Union City Lodge No. 882, Loyal Order of Moose Liquor License Case

204 Pa. Super. 472 | Pa. Super. Ct. | 1964

Opinion by

Weight, J.,

On June 20, 1963, the Pennsylvania Liquor Control Board entered an order suspending for a period of twenty days the catering club liquor license issued to Union City Lodge No. 882, Loyal Order of Moose, No. 3 Perry Street, Union City, Pennsylvania. The order was based upon the following finding of fact: “The licensed organization, by its servants, agents or employes maintained gambling devices on the licensed premises on September 13, 1962”. The licensee appealed to the Court of Quarter Sessions of Erie County which set aside the Board’s order. The Board has appealed to this court.

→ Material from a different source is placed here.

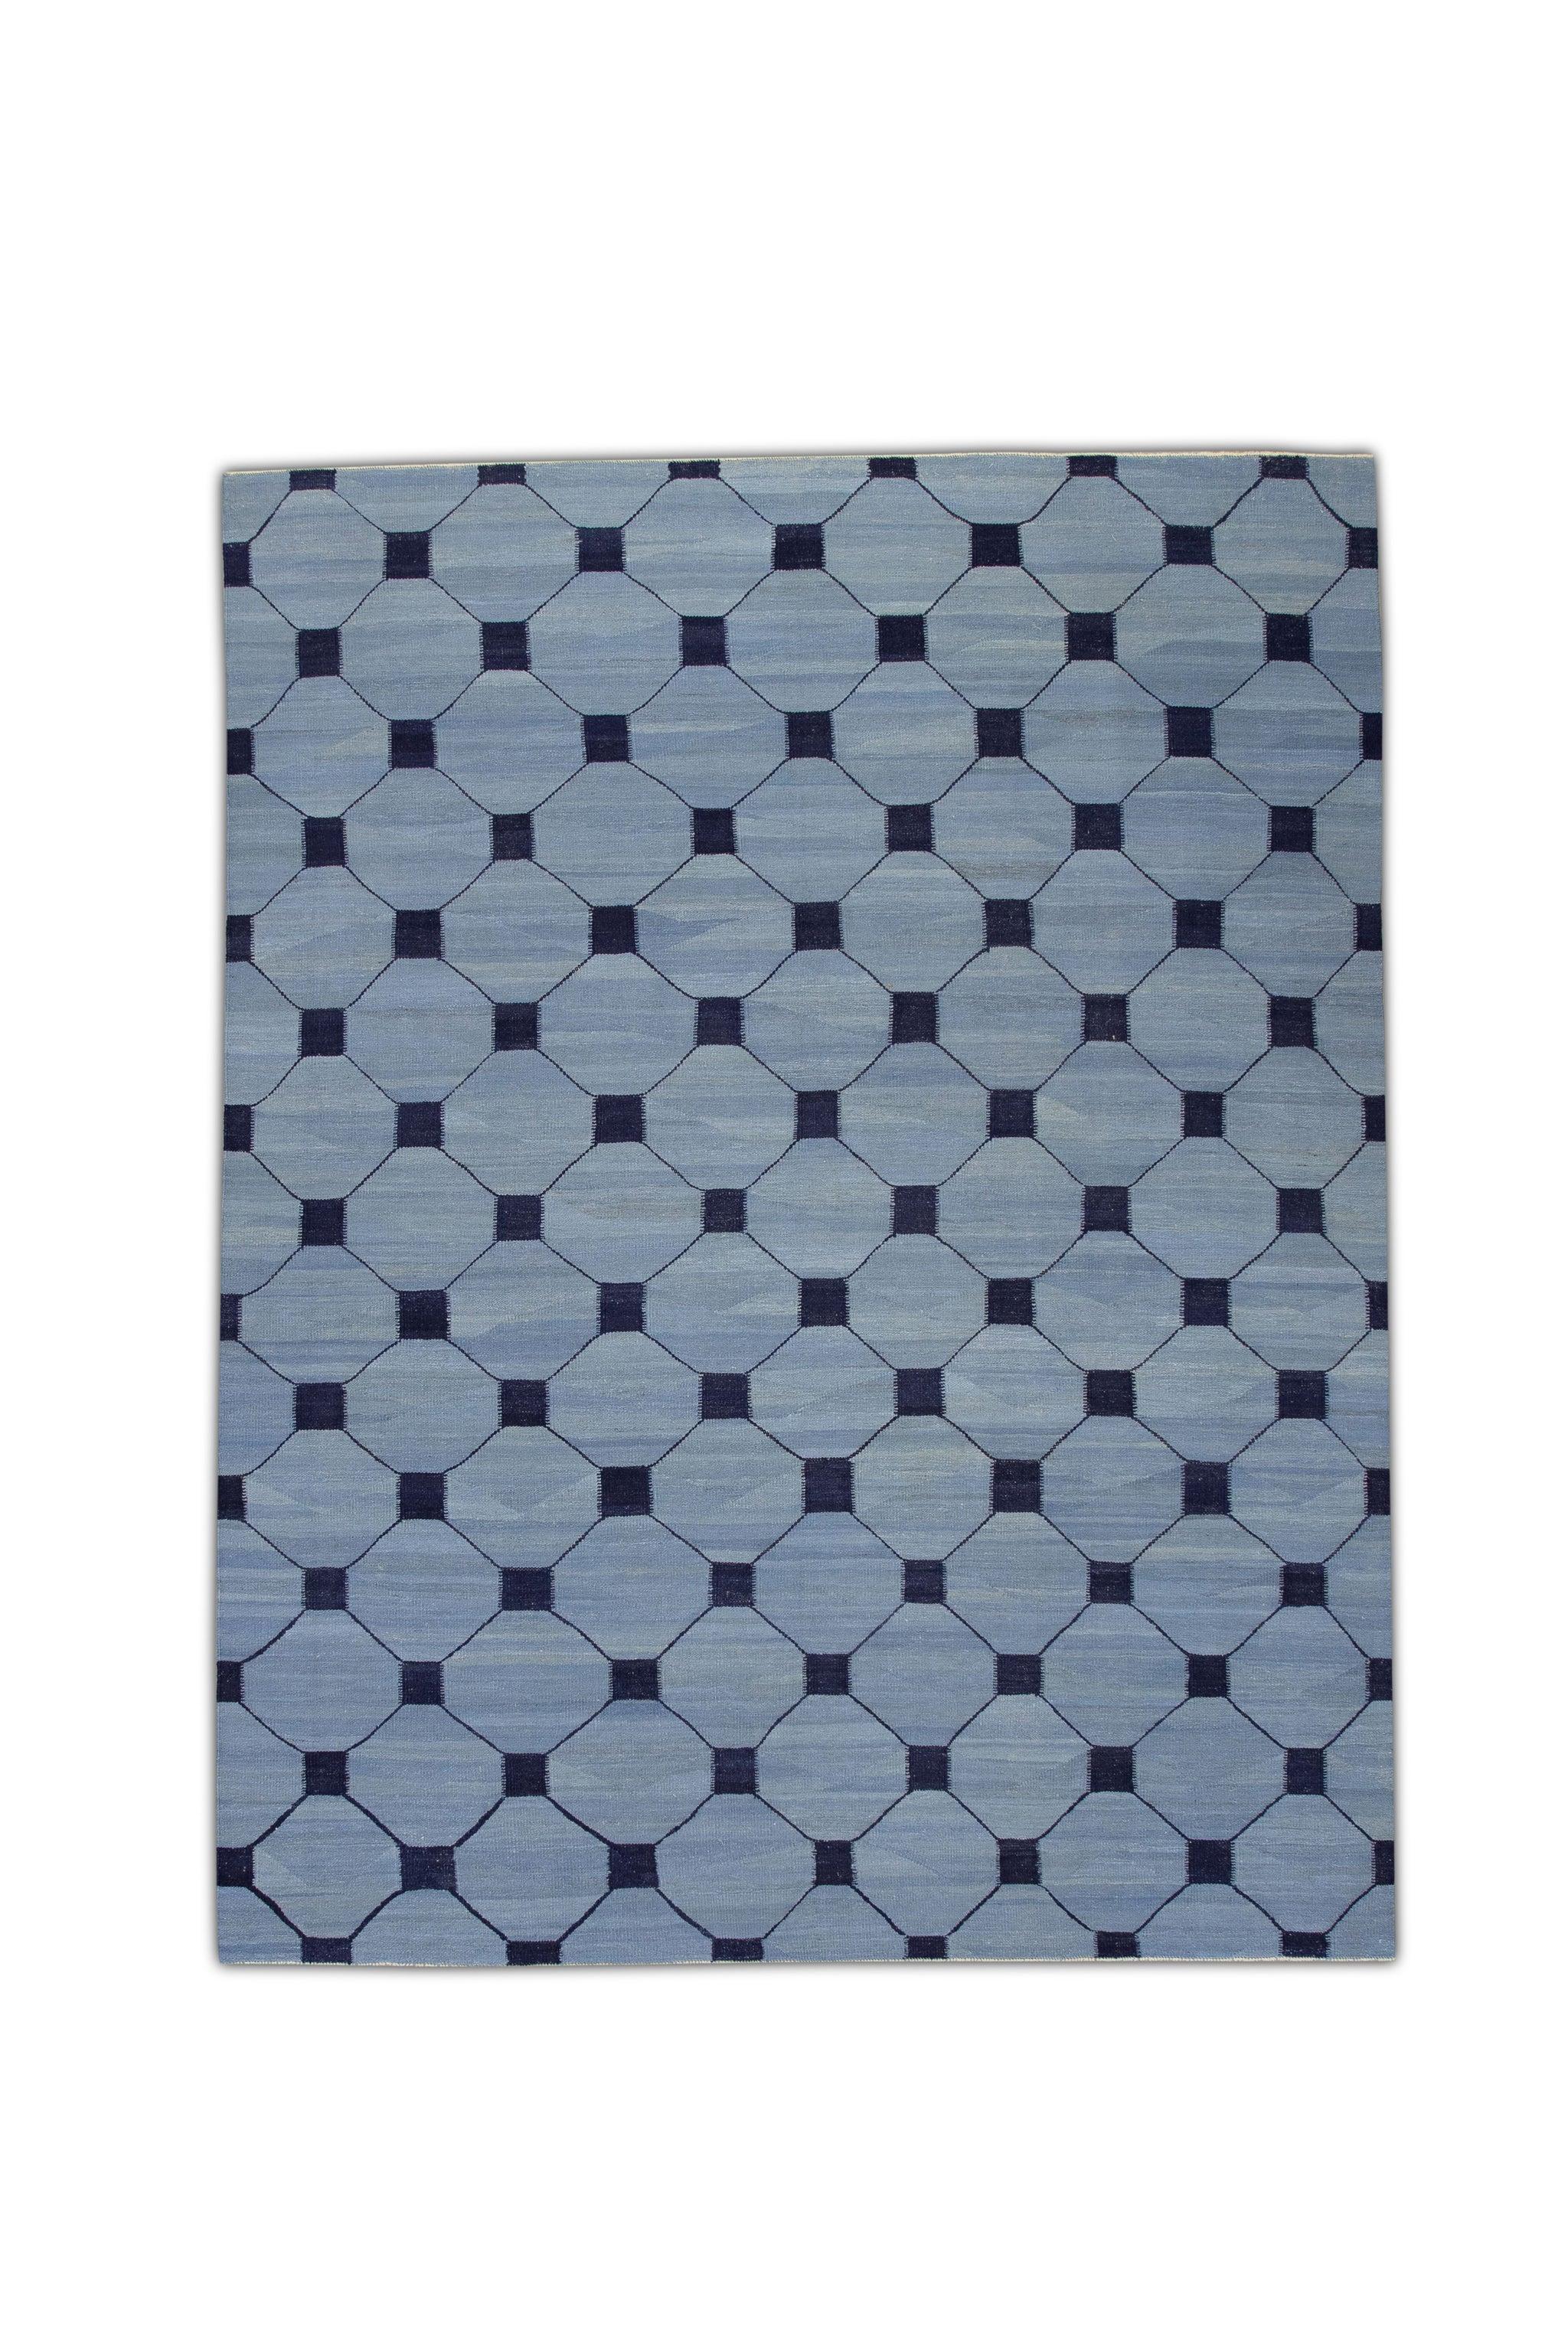 Blue Flatweave Handmade Wool Rug in Navy Geometric Design 9'2

At the hearing de novo in the court below, Corporal George J. Martin of the Pennsylvania State Police testified that, on September 13, 1962, he and Trooper William C. Timmons, armed with a search warrant for “electrically operated gambling devices, coin machines”, entered the licensed establishment and served the search warrant on the steward. In the barroom the officers found two electrically operated ten-cent coin machines, “a twin wild cat and a skeet shoot”. The officers did not see anyone playing the machines but they were plugged in for operation. Cor*474poral Martin placed his own identifcation mark on each machine, GrJM-1 on the twin wild cat, and GrJM2 on the skeet shoot. The Board then introduced in evidence a certified copy of the district attorney’s petition in the quarter sessions court at No. 299 September Sessions 1962, requesting an order for the forfeiture and destruction, inter alia, of these two machines, together with the preliminary order of Judge Samuel Y. Rossiter granting a rule to show cause and directing that the petition be served upon the possessor of the machines, and also with Judge Rossiter’s final order dated October 22, 1962, making the rule absolute.

Notwithstanding the foregoing evidence, the hearing judge, on March 24, 1964, filed an opinion in which he concluded that the Board had failed to prove that the machines were gambling devices. This opinion also contained a statement that the record at No. 299 September Term 1962 did not show that notice of the proceeding had been given to the licensee. A motion for reargument was filed on the ground that the statement as to lack of notice was erroneous. This motion was granted and all proceedings stayed. On May 13, 1964, following reargument, the hearing judge filed a second opinion affirming his first decision. Attached to this second opinion was a copy of the return of service at No. 299 September Term 1962, showing that a certified copy of the petition and preliminary court order were served on Cleo Boyd at No. 3 Perry Street, Union City. The hearing judge states: “There is nothing in the record to show that Cleo Boyd is an officer, manager, or employee of appellant, and we are unable to conclude in this collateral proceeding that the machines were gaming devices, in the first place, or that the appellant had any notice of the petition for destruction. Under these circumstances, we are constrained to reaffirm our order of March 24, 1964”.

*475On the present record, the conclusion of the hearing judge is plainly erroneous and cannot be sustained. The petition for forfeiture and destruction at No. 299 September Sessions 1962 expressly avers that “all of the aforesaid devices or machines are unlawful gambling devices per se”. See American Legion Post No. 51 Appeal, 188 Pa. Superior Ct. 480, 149 A. 2d 483. The final order of Judge Rossiter sets forth that “proper notice of the petition . . . was duly served”. The maintaining of gambling devices on licensed premises is just cause for suspension of the license: I.B.P.O.E. Liquor License Case, 163 Pa. Superior Ct. 395, 62 A. 2d 68.

The case of Commonwealth v. One 1941 Plymouth Sedan, 160 Pa. Superior Ct. 575, 52 A. 2d 240, cited by the licensee, actually supports the Board’s position. We said in that case that, although the hearing judge in a forfeiture proceeding may not take judicial notice of a prior criminal action, the record itself could properly be offered in evidence, and an order of remand was entered for that purpose. In the instant case, the record of the prior forfeiture proceeding was offered and admitted. Cf. Commonwealth v. Grotefend & Haun, 85 Pa. Superior Ct. 7.,

The order of the court below is reversed, and the order of the Board is reinstated.